**PROMPT**
Repeat the entire listing exactly. Omit all pictures.

··· PROVIDED DATA

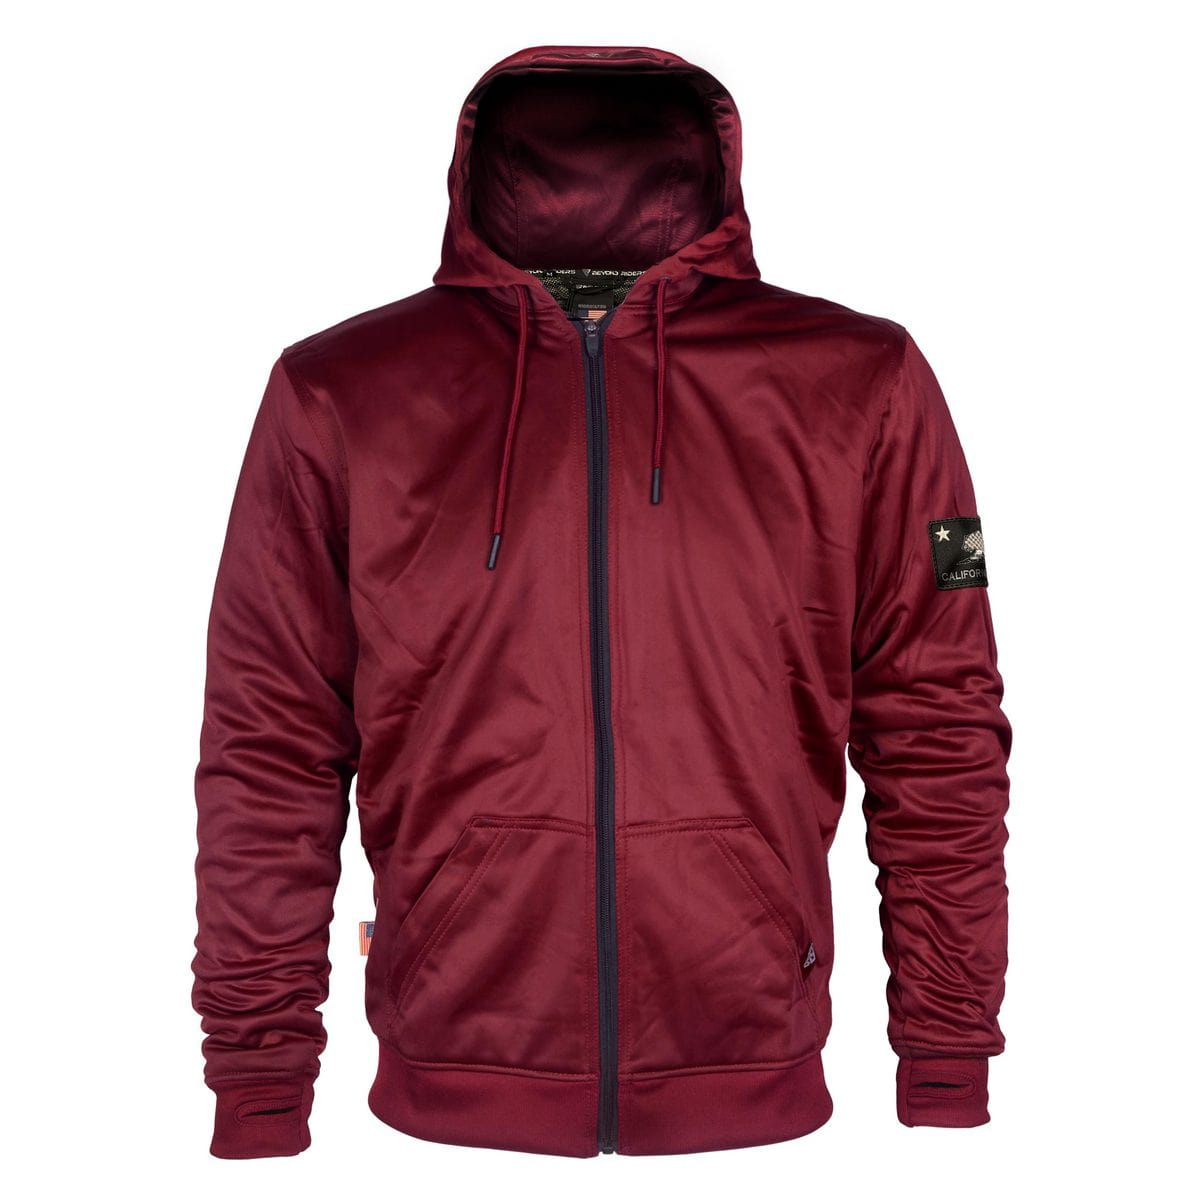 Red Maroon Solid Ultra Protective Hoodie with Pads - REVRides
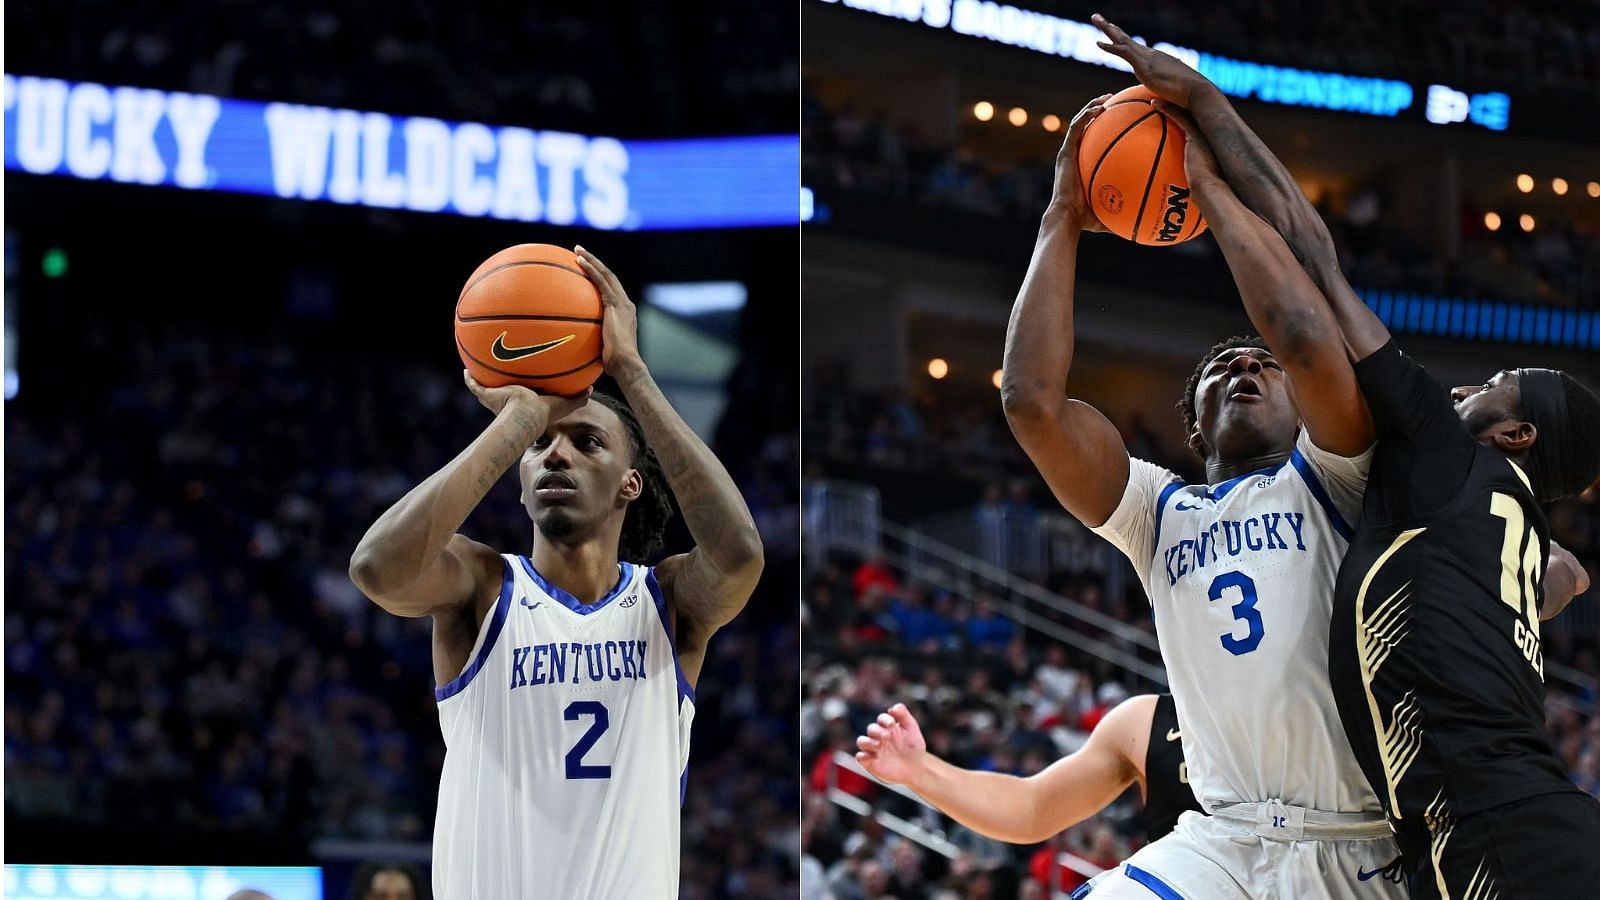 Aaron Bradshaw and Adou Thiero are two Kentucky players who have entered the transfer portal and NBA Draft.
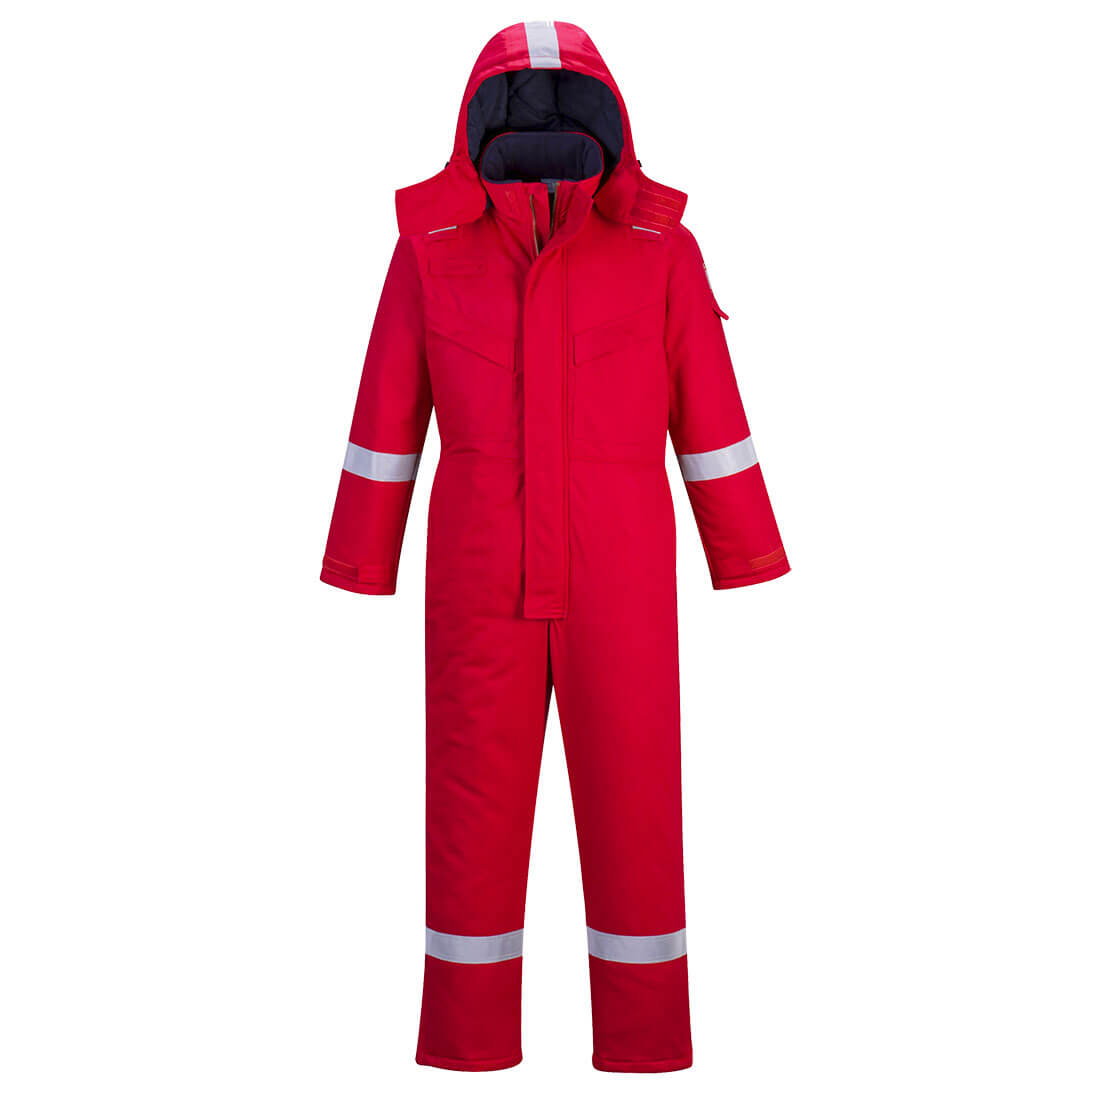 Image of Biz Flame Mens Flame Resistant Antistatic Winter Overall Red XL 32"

······

**RESULT OF THE TASK**
 Red Maroon Solid Ultra Protective Hoodie with Pads - REVRides
 Aaron Bradshaw and Adou Thiero are two Kentucky players who have entered the transfer portal and NBA Draft.
 Image of Biz Flame Mens Flame Resistant Antistatic Winter Overall Red XL 32"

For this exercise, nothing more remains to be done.